Personal details
- Born: Darshan A. Sangha 1917 Langeri, Punjab, India
- Died: September 25, 1986 (aged 68–69) India
- Cause of death: Assassination
- Party: Communist Party of India Communist Party of Canada
- Other political affiliations: Labor-Progressive Party
- Spouse: Harbans Kaur
- Occupation: Trade union activist

= Darshan Singh Canadian =

Indian politician

Darshan Singh Canadian (born Darshan A. Sangha in 1917 – 25 September 1986) was a Sikh trade union activist and communist organizer in Canada and India.

== Canada ==
Darshan Singh Canadian immigrated to Vancouver, Canada in 1937. Upon his arrival, his uncle attempted to get him a job at Dominion Sawmills, resulting in the uncle being fired and Sangha being hired at five cents less pay an hour. He became active in the Labor-Progressive Party (as the Communist Party of Canada was known). He was one of the founders of the International Woodworkers of America and served as one of the union's organizers as well as its general secretary from 1942 to 1946. He led striking woodworkers on a march on the provincial capital of Victoria in 1946. He fought for the rights of B.C.'s East Indian woodworkers.

== Return to India ==
Darshan Singh Canadian returned to India upon its independence in 1947 and adopted "Canadian" as his surname.

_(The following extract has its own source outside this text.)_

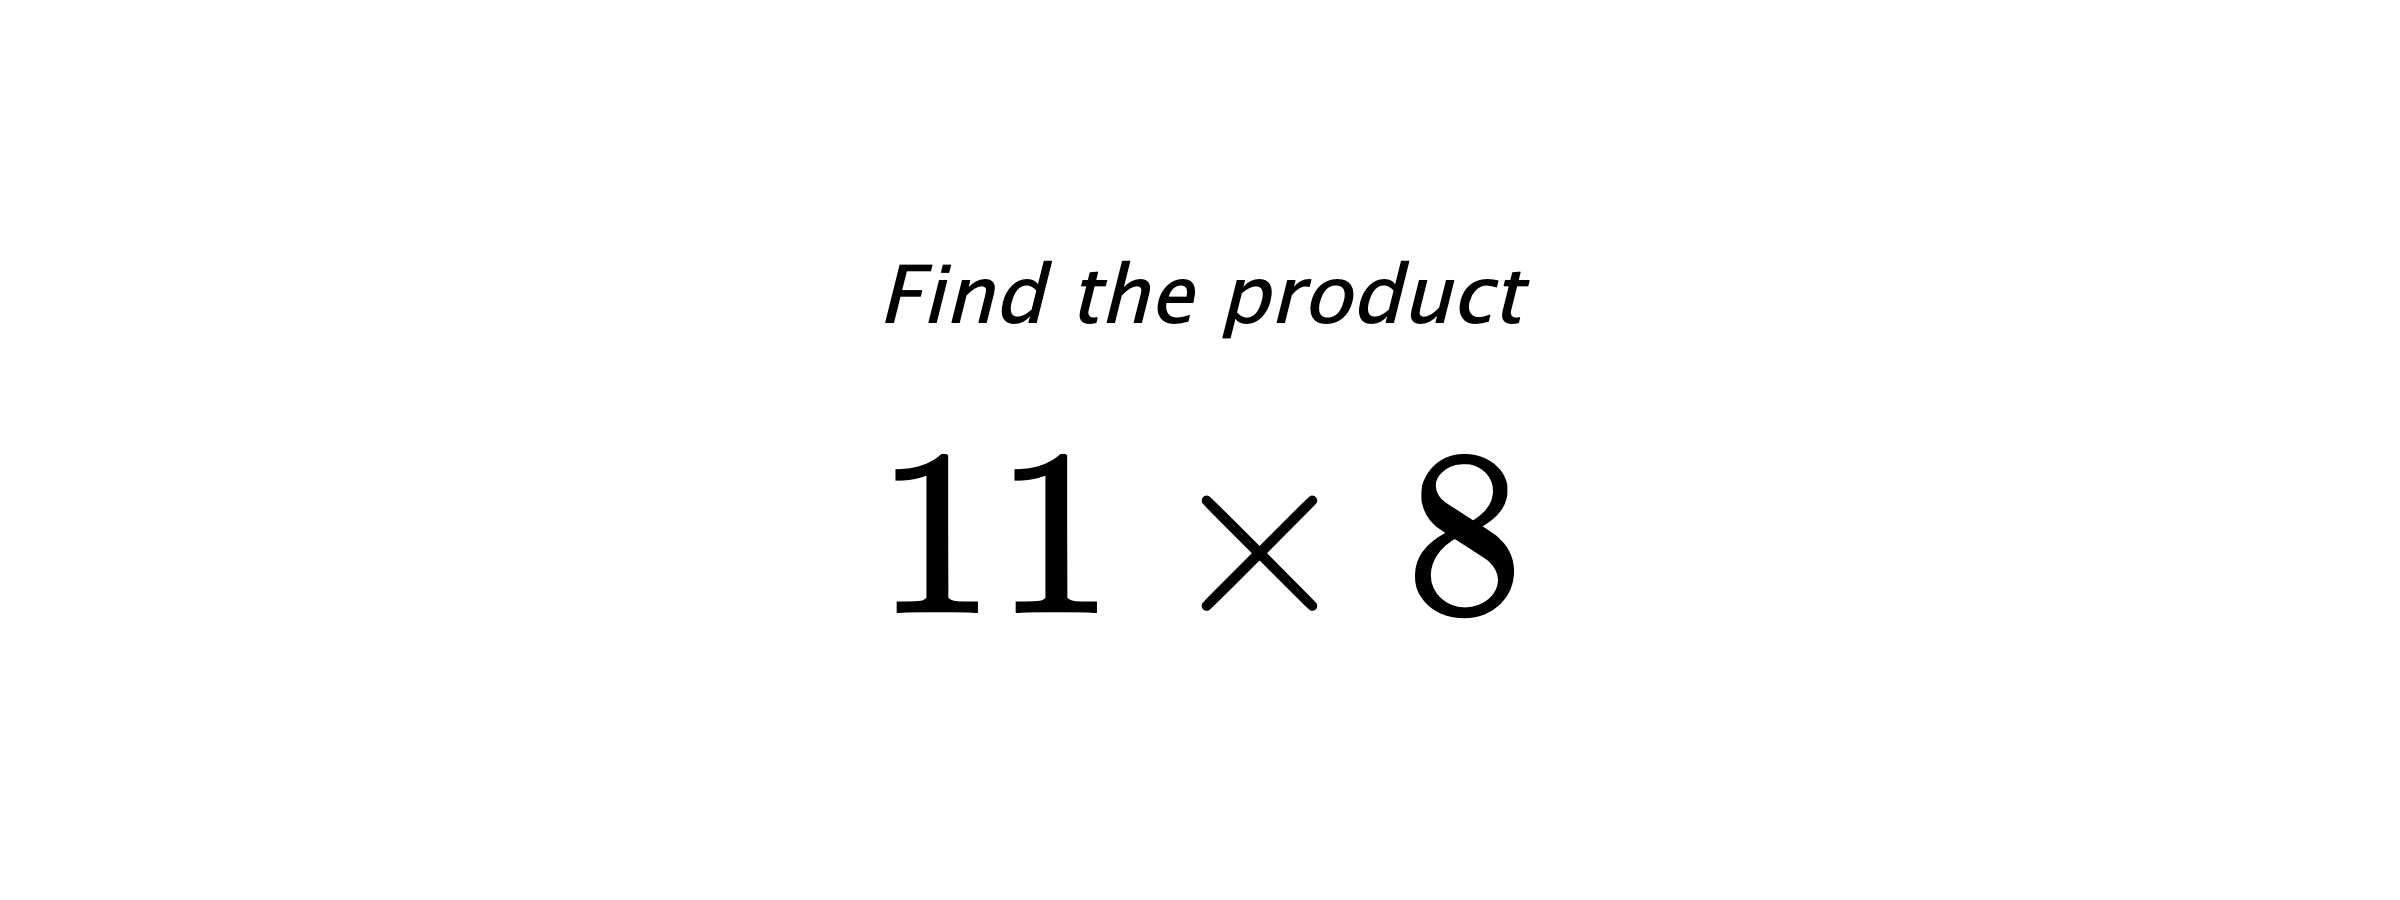 Find the product $ 11 \times 8 $

He became active in the Communist Party of India (CPI) becoming party secretary in Punjab. Canadian was a powerful speaker, and addressed several meetings and mass rallies. He also served as the secretary of Punjab Kisan Sabha. He opposed the Khalistani separatists among the NRI Sikhs, and actively campaigned against them through his articles and speeches. He represented Garhshankar Assembly constituency in Hoshiarpur district as member of Punjab State Legislature for two terms from 1972 to 1980. He was assassinated in 1986, in retaliation for his comments against Khalistani militants.

Darshan Singh married Harbans, the daughter of Baba Lal Singh, a Ghadar veteran from Jandiala in Jalandhar district. His two daughters settled in Britain and Canada. In his last years, he suffered from spondylitis and other health problems, and once went to USSR for treatment.

== Death ==
On the afternoon of 25 September, Darshan Singh was killed by Sikh militants during the insurgency in Punjab, India. Within two hours of his death, about a thousand demonstrators gathered at the police station at Mahilpur, and blocked the way to Hoshiarpur. They protested against police inactivity, and even accused the police of complicity in the crime.

On 26 September, a huge march was organized from his native village Langeri to Mahilpur. The people shouted slogans as "Darshan Singh Canadian Amar Rahe" (Long Live Darshan Singh Canadian), "Canadian aman ekta da shahid" (Canadian was a martyr to peace and unity), "Na Hindu Raj na Khalistan, jug jive Hindustan" (Neither Hindu Raj nor Khalistan, long live India), "Hindu Sikh noon jo ladaye, oh desh da vairi hai" (he who makes Hindus and Sikhs fight, is an enemy of the nation), "atvad wakhwad murdabad" (down with extremism and secessionism), "Lokan da ekta zindabad" (Long live public unity), "Hindu Sikh ekta zindabad" (Long live Hindu-Sikh unity), and "CPI zindabad" (Long live CPI). From Mahilapur, the procession came back to Langeri. A 20,000-strong rally was held in the village school ground, where Canadian's body lay. Thousands of Sikh youth participated in the rally, denouncing the extremist killers.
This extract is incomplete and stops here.